* Aim of the task *
Could you return each entry below exactly as written, minus any pictures?

* Dataset extract *
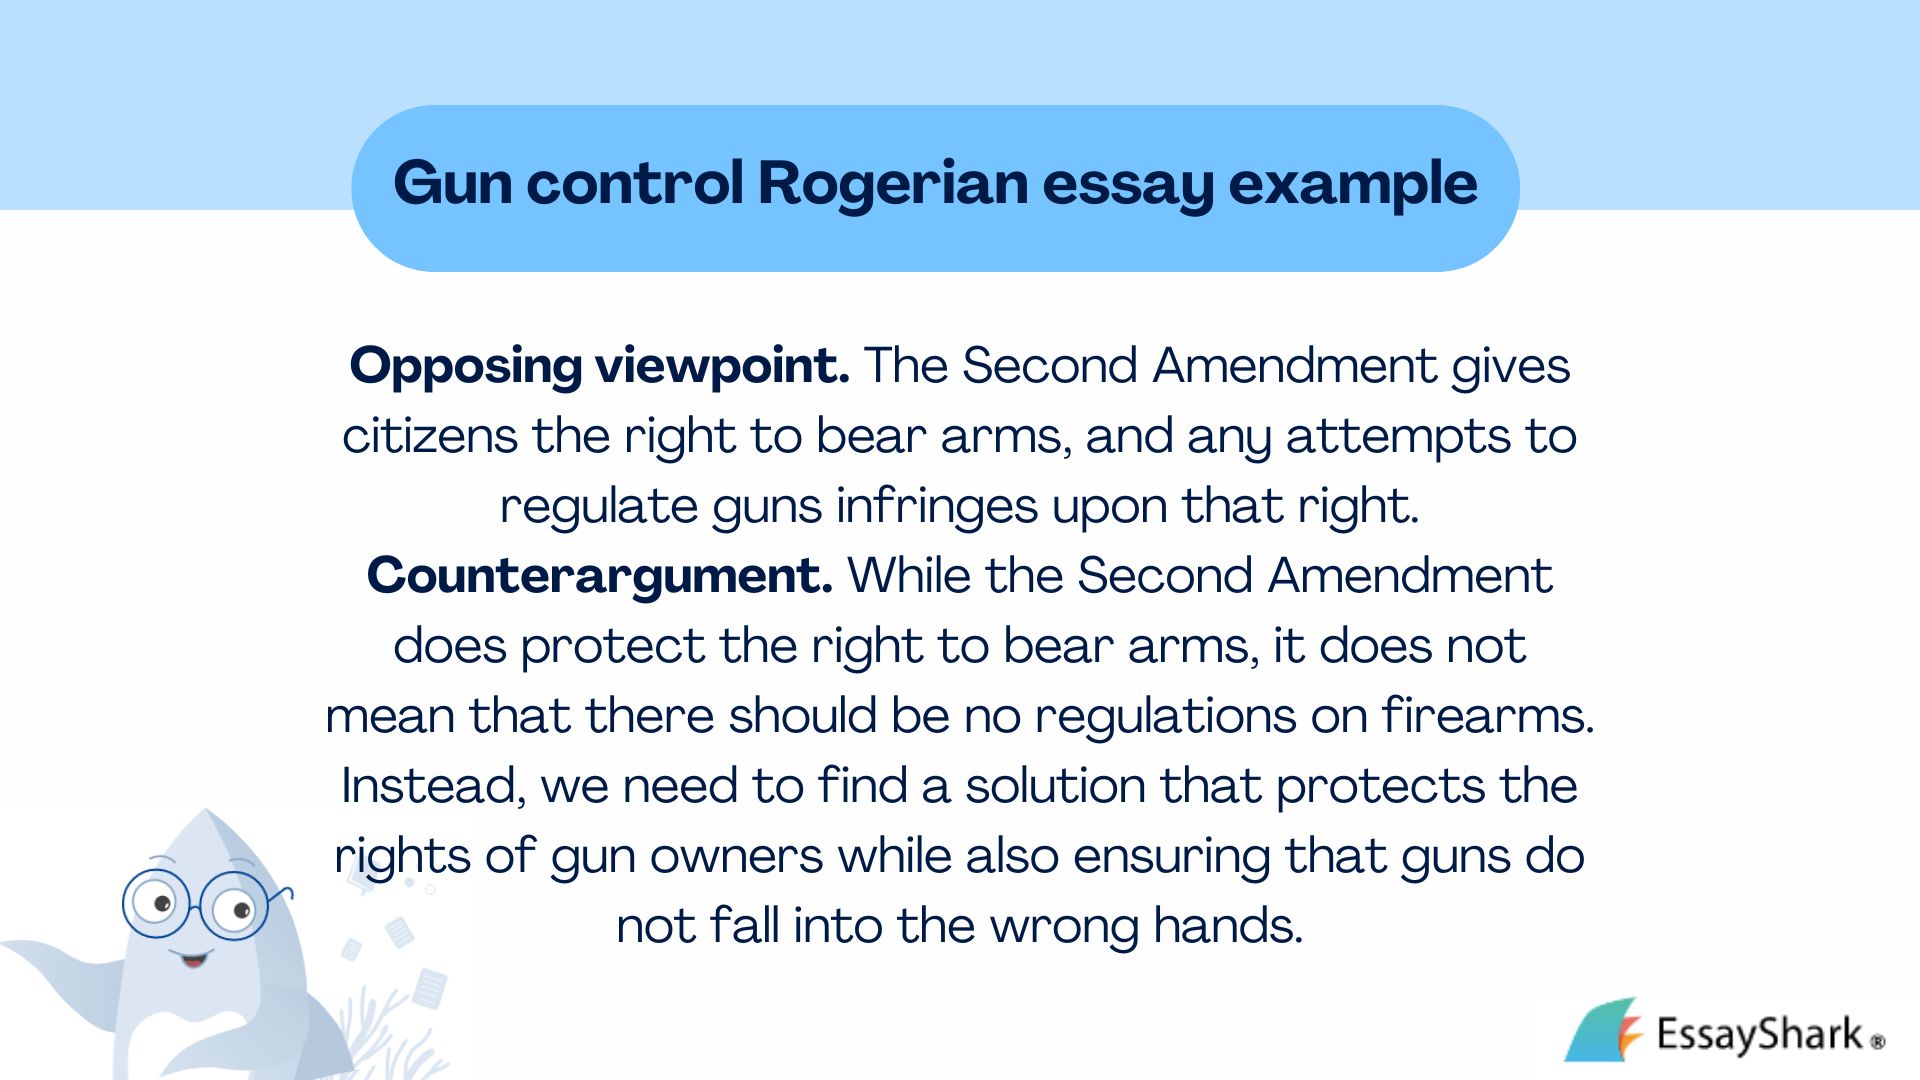 Gun control Rogerian essay example
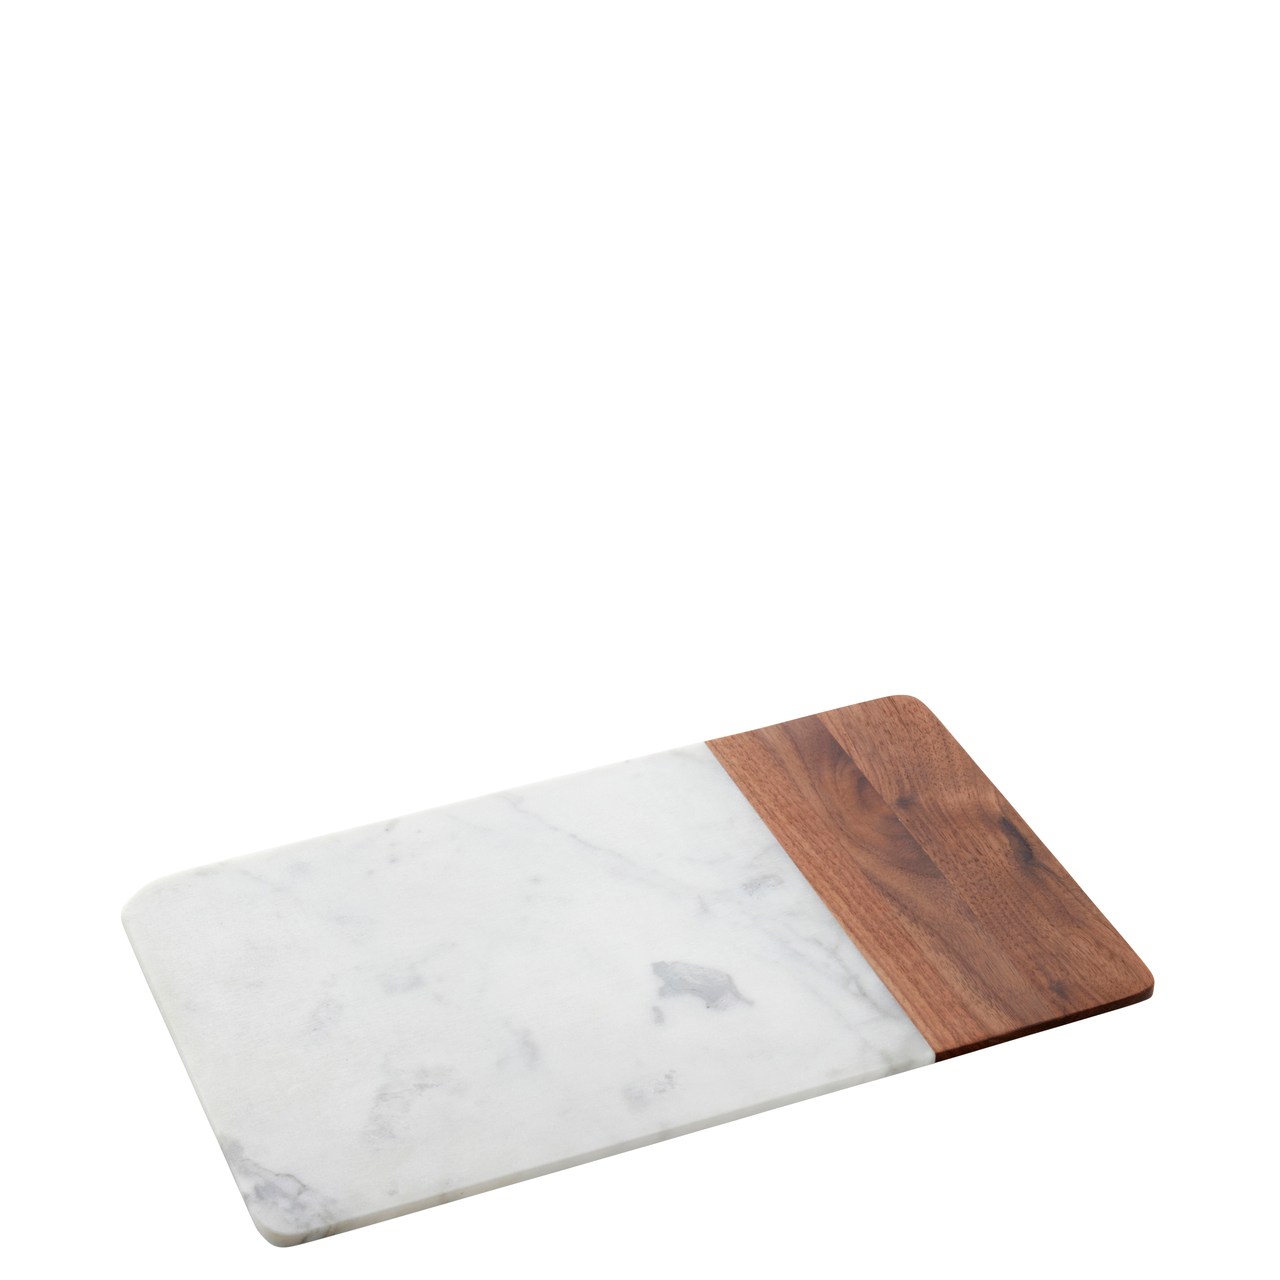 Board rectangular marble/wood 30.5x18.4x
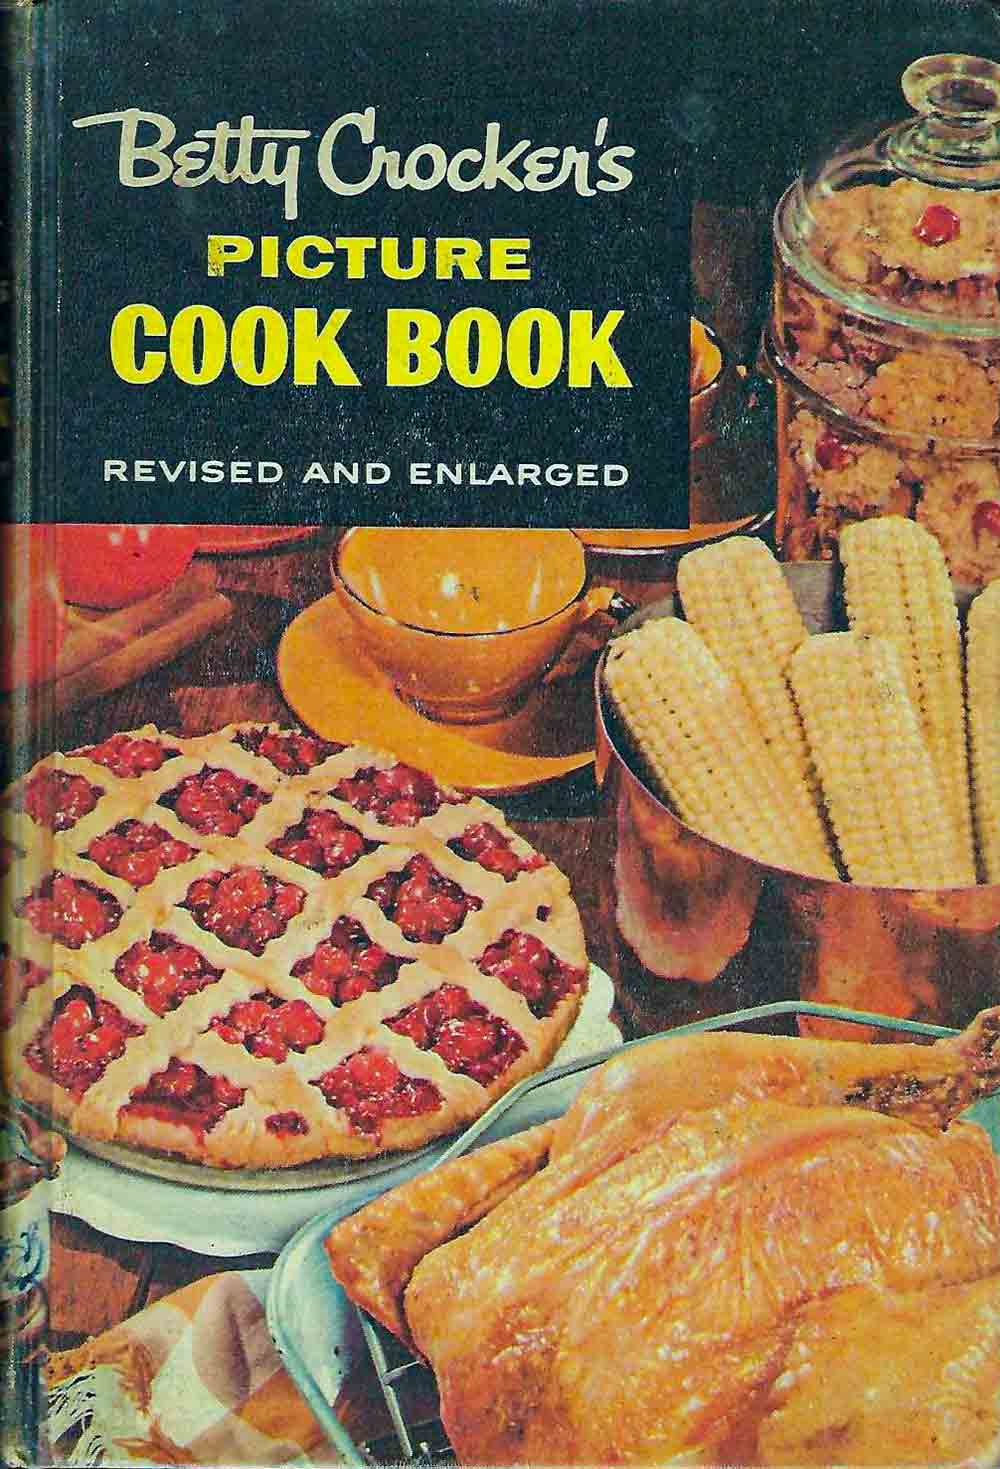 Betty Crocker's Picture Cookbook.
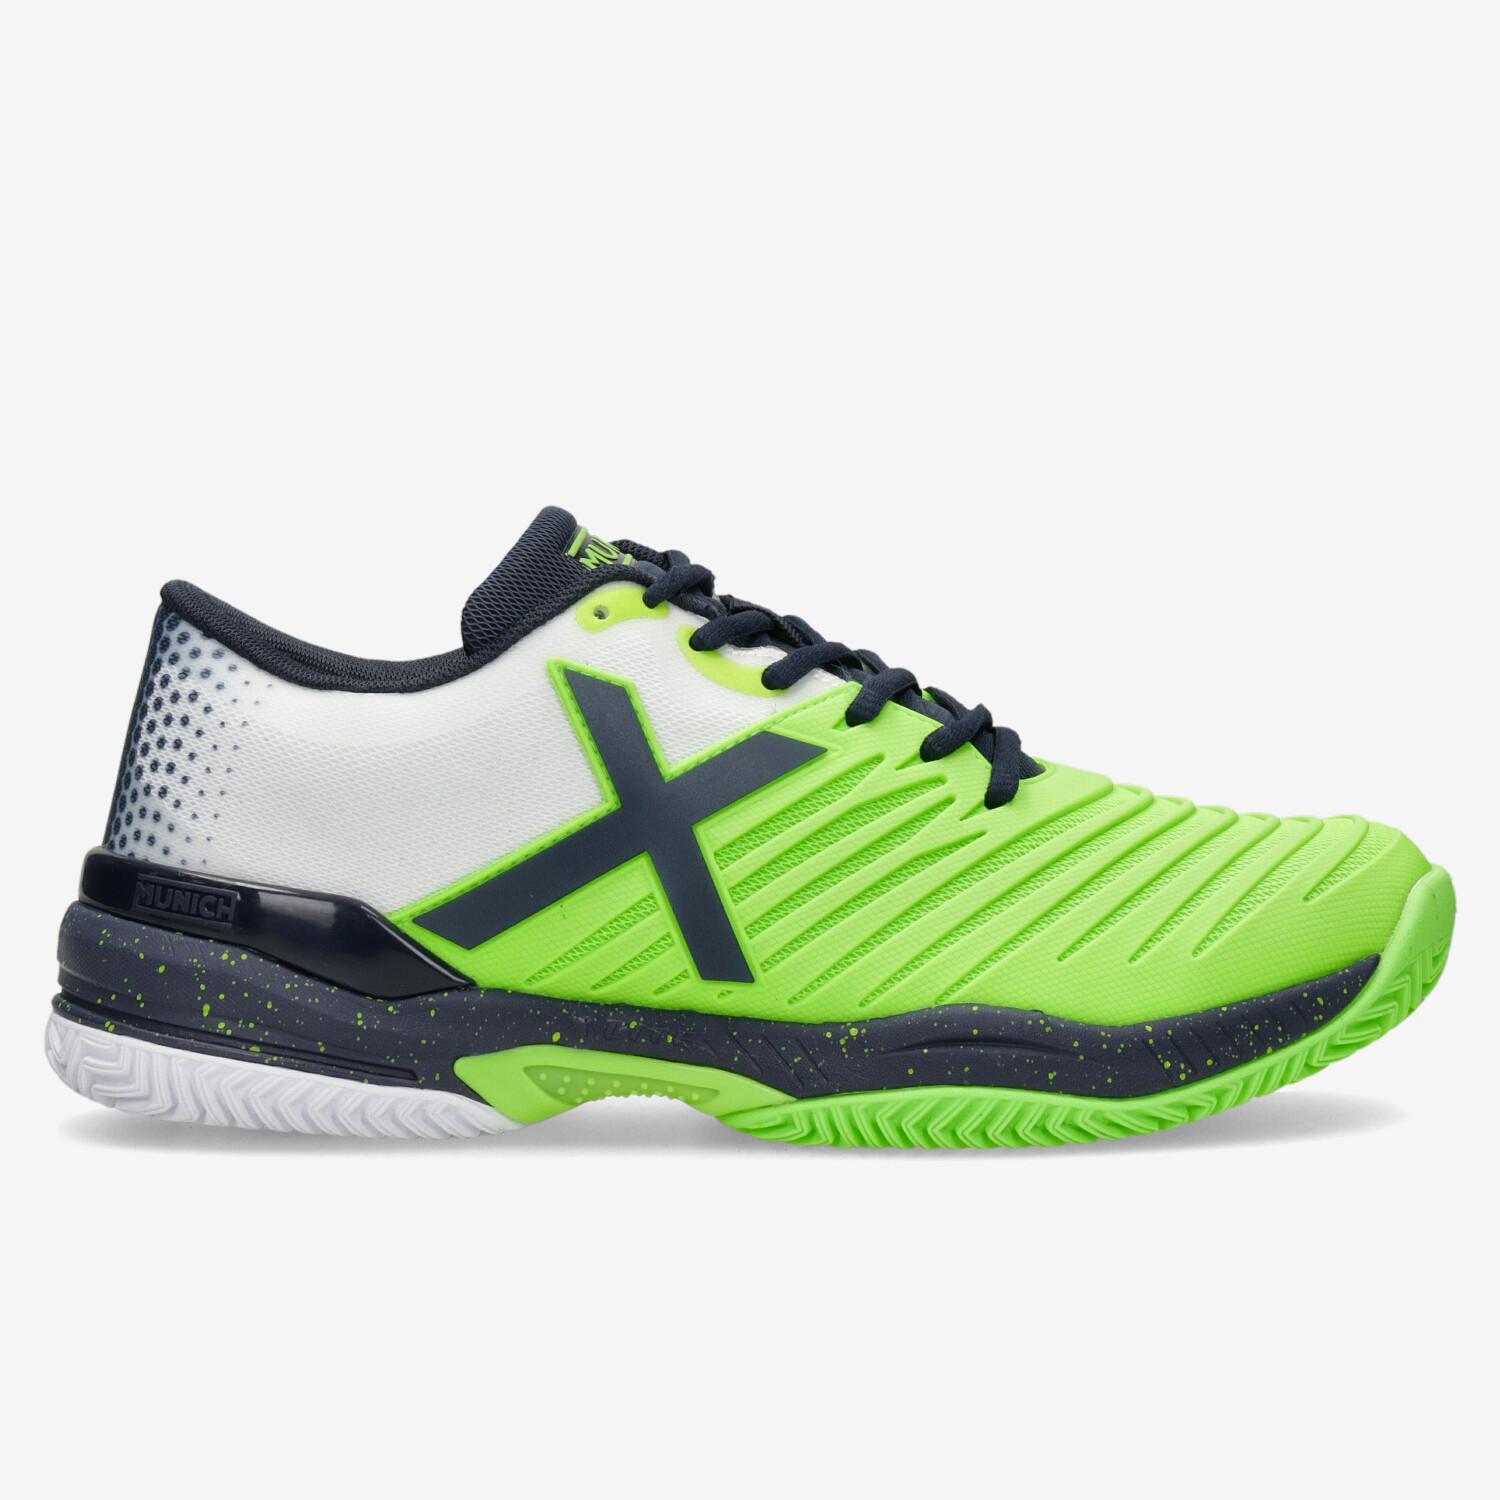 Munich Padx 24 - Vert - Chaussures de padel homme sports taille 46
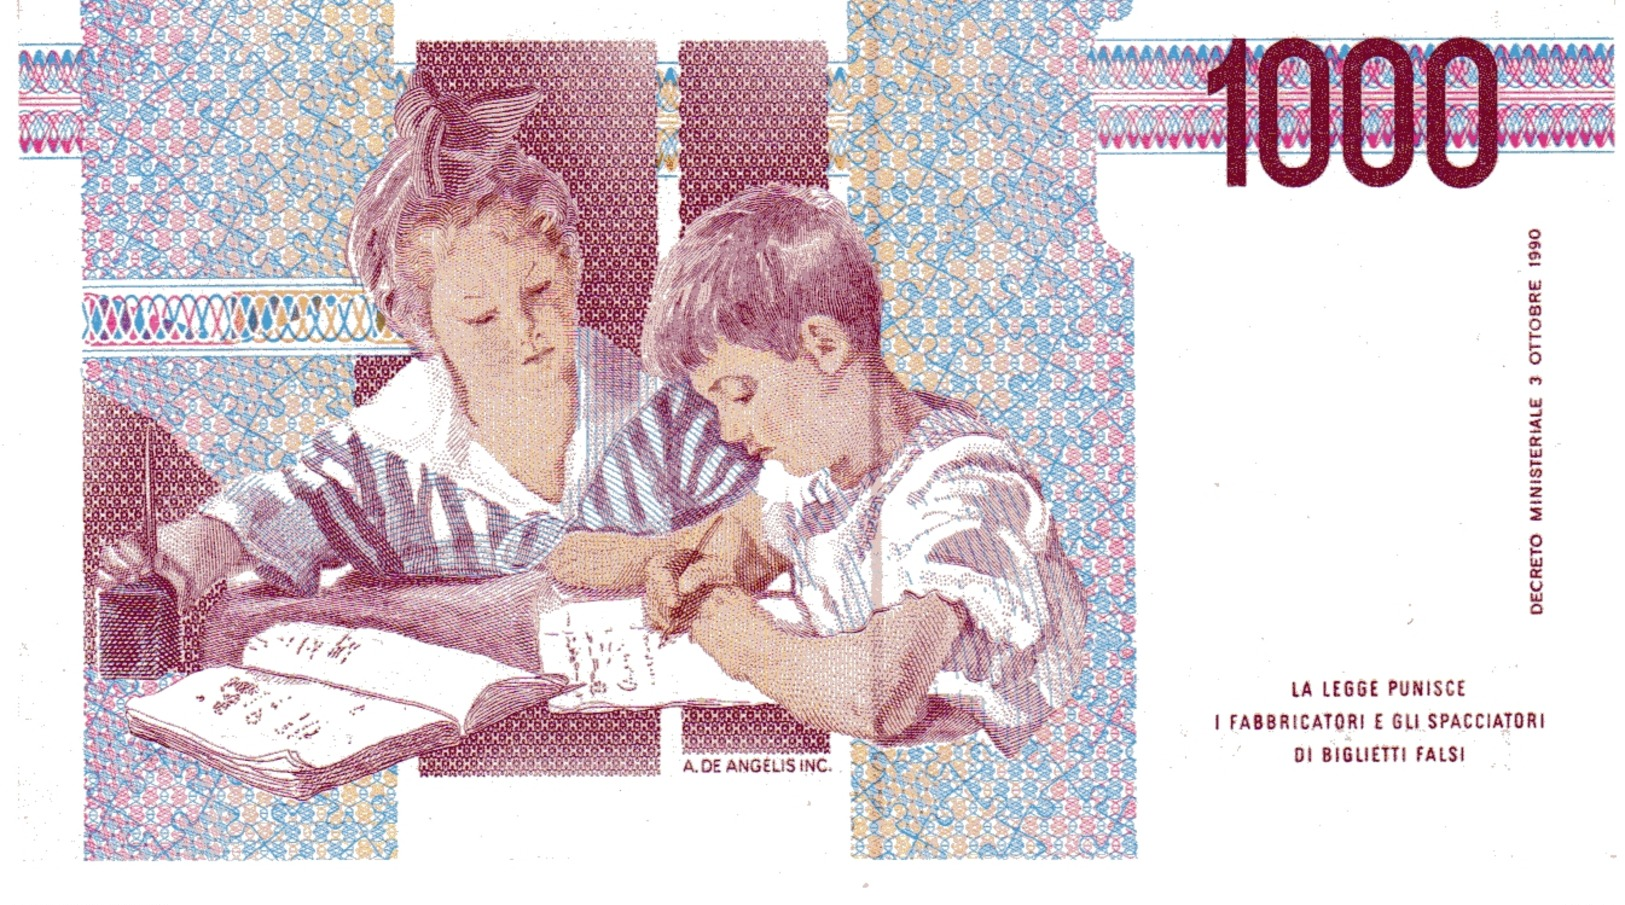 1000-Lire Banknote NEU - UNBENÜTZT - 1000 Lire

* Output for this exercise *
 Gun control Rogerian essay example
 Board rectangular marble/wood 30.5x18.4x
 Betty Crocker's Picture Cookbook.
 Munich Padx 24 - Vert - Chaussures de padel homme sports taille 46
 1000-Lire Banknote NEU - UNBENÜTZT - 1000 Lire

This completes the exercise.